The Peterborough Examiner

City council schedule to change for 2019

- JOELLE KOVACH Examiner Staff Writer

City council voted a final time Monday night to change the schedule for council meetings in 2019, even though one citizen said there wasn’t enough public consultati­on on the matter.

Marie Bongard told council that although citizens could fill in a survey about the best times to hold council meetings, that survey was online – making it inaccessib­le to many seniors.

“Lots of people were excluded in this survey,” Bongard said.

Still, council voted to implement the schedule changes.

Meetings will start at 6 p.m. instead of 5:30 p.m. on Mondays, starting in 2019, and will operate on a four-week cycle instead of the current three-week cycle under the new schedule.

Under the current arrangemen­t – adopted in January – councillor­s meet as the general committee on week one, take a break on week two and meet as city council on week three.

But the arrangemen­t needs tweaking, states a city staff report, because several special meetings called this year to deal with a surfeit of reports at general committee meetings.

On occasions when it appeared there would be too much business to cover in a single sitting, special meetings were called (allowing agenda items to be spread over two meetings, instead of one).

This led to unpredicta­bility for the public, states the staff report: some citizens were unsure when meetings were taking place.

That’s because there were 11 special meetings called – some on short notice, some on evenings when there was no regularly scheduled meeting.

The new proposal is for a fourweek cycle: on weeks one and two, general committee will meet. There will be no meeting on week three, and then on week four there will be a council meeting.

If there are five Mondays in a month, there will be no meeting on that fifth Monday.

Also at the meeting Monday:

Police office at terminal

Council voted a final time to allow Peterborou­gh Police to open a small office in an unused cafe space in the downtown bus terminal as part of a larger effort to increase security.

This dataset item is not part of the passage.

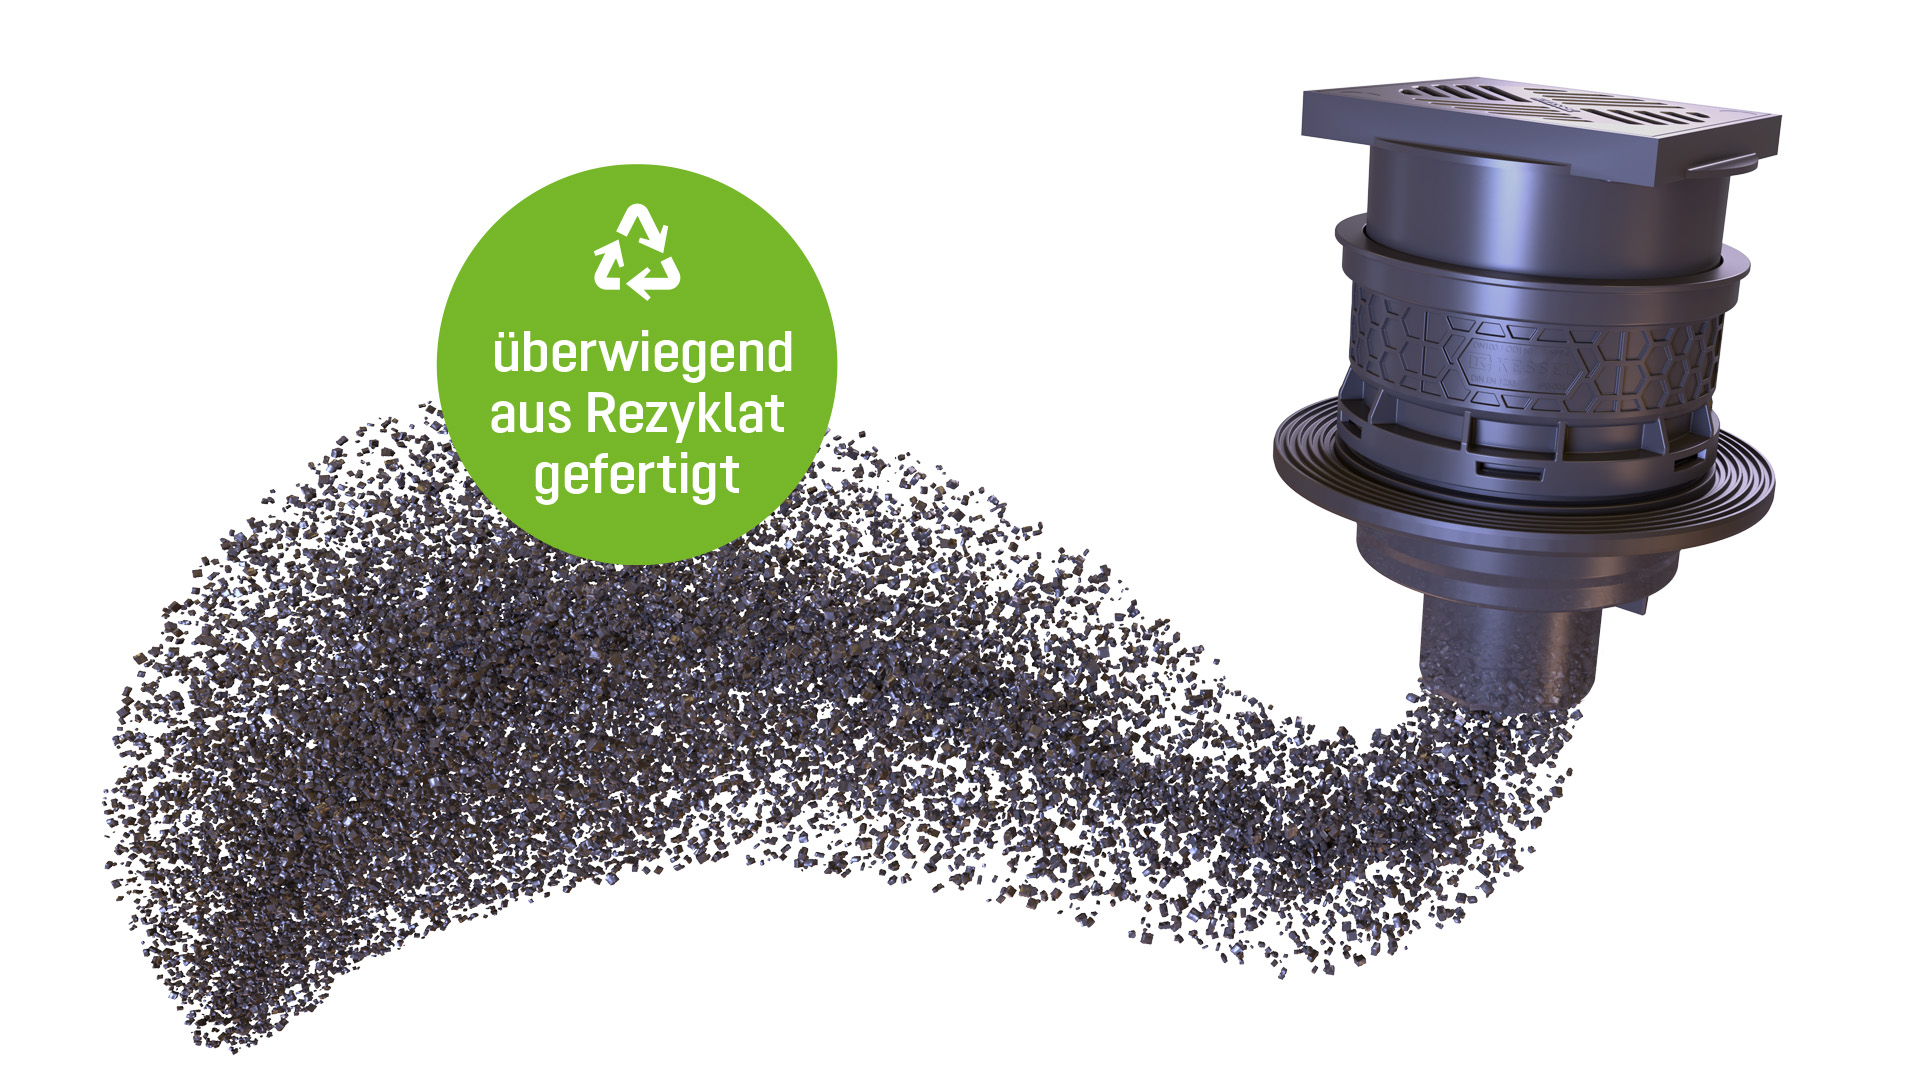 [Translate to Deutsch (DE):] Kellerablauf zum überwiegenden Teil aus recyceltem Material gefertigt.

A new city staff report states that over the last year, there have been two reports of sexual assaults in the stairwells at the upper-level Simcoe Street park-

ing garage, which have no security cameras.

The garage has also had 25 vehicle break-ins between April and June, and city police are called to the area about 13 times a month.

Council had a preliminar­y plan to renovate the empty cafe in the bus terminal so it can serve as a mini-police office, at a cost of $50,000 – now the plan is ratified.

There are also other security upgrades planned for the parking garage: a second full-time security guard, for instance at a $62,000 cost for a year, as well as security cameras in the stairwells for $42,000, panic alarms on all parking levels for $12,000 and new

LED lighting.

New Public Works yard

Council voted a final time to spend $23.5 million – rather than $22.5 million, as planned last year — to renovate a city-owned property on Webber Avenue to serve as the new city public works yard.

The city bought the former Coach Canada property on Webber a few years ago for conversion into a new public works yard. The idea was to move the yard there from an overcrowde­d site on Townsend Street.

The renovation on Webber Avenue started last fall and is expected to take a year – until this fall – to be done.

On Sept. 17, councillor­s gave preliminar­y approval to increase the project budget by $1 million. Now that plan has been ratified.

A staff report explains that the cost overrun is due to factors such as soil contaminat­ion and poor site drainage.

There was also an issue with the roof of the former Coach Canada office building, the report states, as well as a problem with the structural steel in the large on-site garage.

In early 2017, council hired J.R. Certus Constructi­on Co. Ltd., of Vaughan, to do the renovation­s.

Parking restrictio­ns on Rubidge St.

Council approved a new staff plan to allow only 15 minutes of free parking along Rubidge St., outside Rubidge Hall retirement home, rather than the current 60-minute limit.

The free parking zone outside Rubidge Hall is meant for Handi Vans to come and go, states a new city staff report.

But lately staff have noticed motorists parking there and doing errands elsewhere in the neighbourh­ood, making it difficult for the Handi-Vans to pull up.

Council voted a first time on Monday and then ratified the vote the same evening since it’s the last meeting of the term.

East City land:

A thin strip of land along the recreation­al trail off Hunter St. E., in the commercial core of East City, was declared surplus by council and sold for potential developmen­t.

Councillor­s ratified a plan Monday to sell the vacant land at 115 Hunter St. E. and 124 Robinson St. to Ashburnham Realty and to Graham Hawkins.

The lands are adjacent to the Rotary Trail just east of the building that houses Matsu Sushi on Hunter St. E.